The Telest Seer
Gray gave Shel an hour and a half to refresh himself.
Then he walked through the open door into Shel’s room and hopped up on the table, crossing his legs beneath him. A stack of books sat next to him under the window, and as the moments passed and Shel did not emerge from his dressing room, Gray grabbed the top volume and glanced at the spine: The Love Story of Isa and Urden. He nearly snorted.
“Research, Shel?” he said.
At the sound of his voice, the servant who had just set a vase of flowers next to the bed straightened up and looked around the room, eyes wide. When she crept out a few moments later, she still had that tense, bent-shouldered look of someone who had just seen a ghost. Or heard one, in this case. She shut the door behind her, and Gray could nearly imagine her locking it from the outside.
He was on the second chapter when the dressing room door finally opened, and Shel appeared. His hair was still damp from his bath, and he didn’t seem to like the belt he was wearing because he kept pulling at it.
Gray set the book on his lap and watched.
The sage glanced through the room and his gaze stopped on the window, the one closer to the bed. Walking over to it, he leaned against the sill and peered down into the courtyard, and there he spied on people for about half an hour. The longer Shel stood at the window, the harder it was for Gray to keep his mouth shut and not laugh aloud.
Eventually Shel turned around, and his attention swept the table where Gray was sitting. He looked away—and then looked back, frowning at the stack of books that was now one fewer than it was the last time he’d stood in this room.
“You have an excellent eye for detail, my friend. And a keen interest in observing others from a distance.” Gray shifted, taking a form the lander’s eyes could behold.
Shel grinned and shook his head. “Not just from a distance, I assure you.” Nodding toward the book in Gray’s hands, Shel said, “I should have known you would pick a love story about the islands.”
“It was the top one.”
“Yet you picked it.”
“I told you—it was on the top. If I had taken the time to sort the books, I might have caused your poor servant to collapse in terror.”
“Well, if you had come into the room like a regular person, you could have sorted to your heart’s satisfaction.” A smirk wrinkled Shel’s nose. “Perhaps you did sort to your heart’s satisfaction, eh?”
“I have better, more direct ways of learning what I need to learn about the islands than a book written two hundred years ago. And by a man who was not an Islander himself.”

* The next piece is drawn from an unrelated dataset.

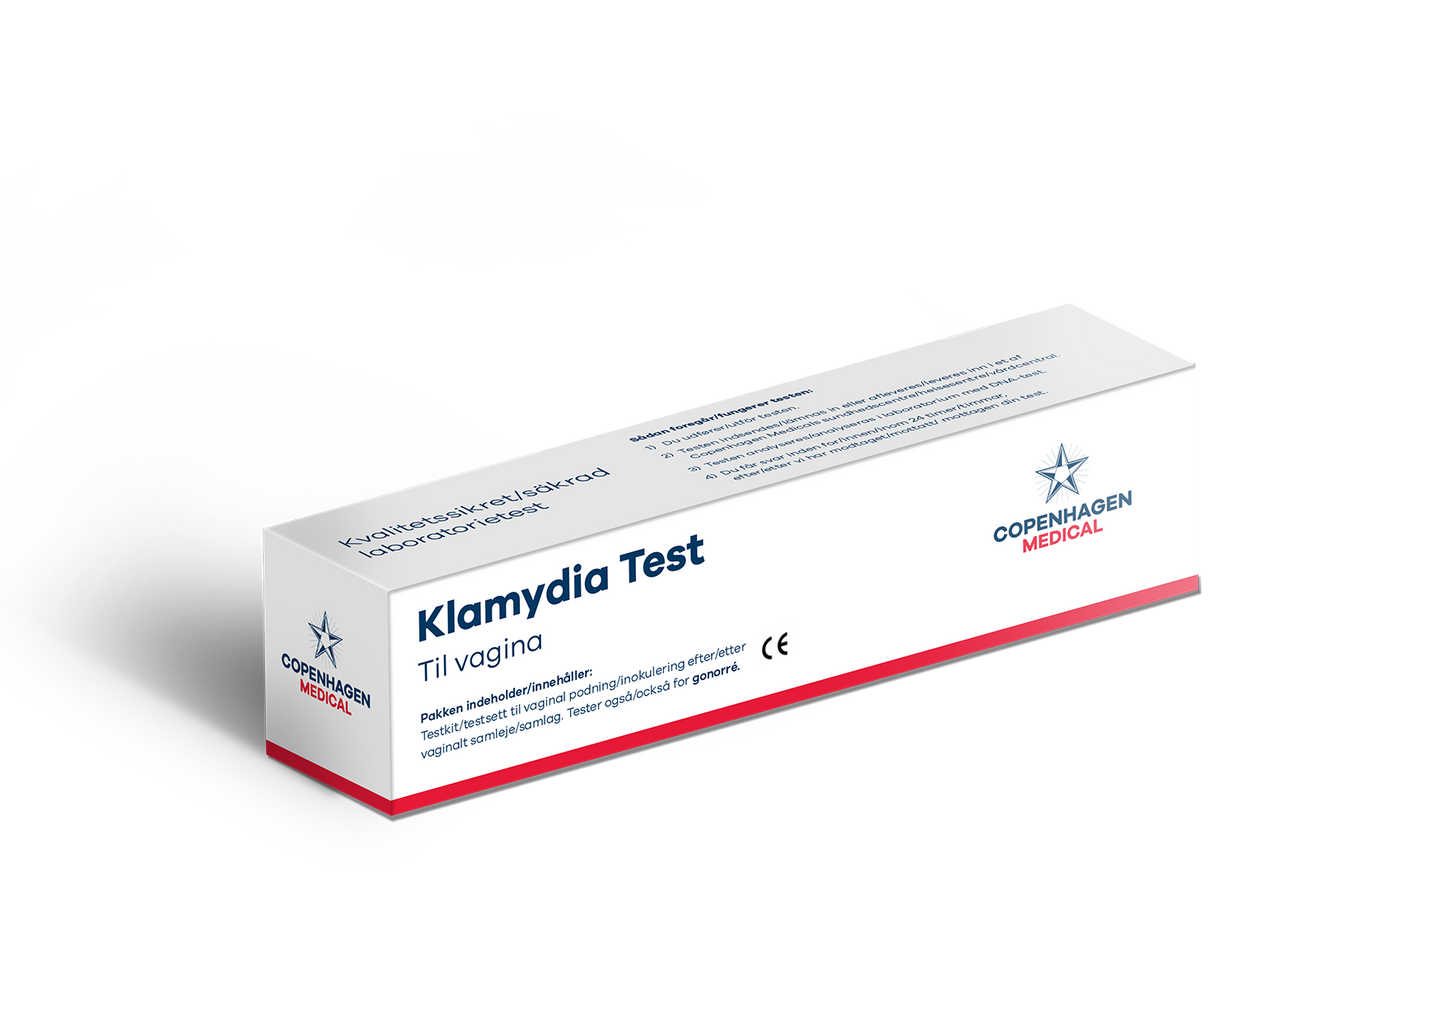 Chlamydia test - vaginal

“He lived on the islands for four years as he wrote this book.”
“How long have you lived on the islands, Shel?”
Shel pretended to give the matter deep consideration. He reached up and rubbed his chin, where he had left several days’ worth of beard unshaven. “If I collect all the times I have visited and consider them together, then perhaps thirty-three years?”
“Then you are a much better reference for me than a reader who wrote love novels.”
Laughing, Shel walked up to the table, turned around, and hoisted himself up, sitting next to Gray with the stack of books between them. He lifted the top book and studied it a moment, but then a sigh escaped him. “This is an unfortunate situation, my friend.”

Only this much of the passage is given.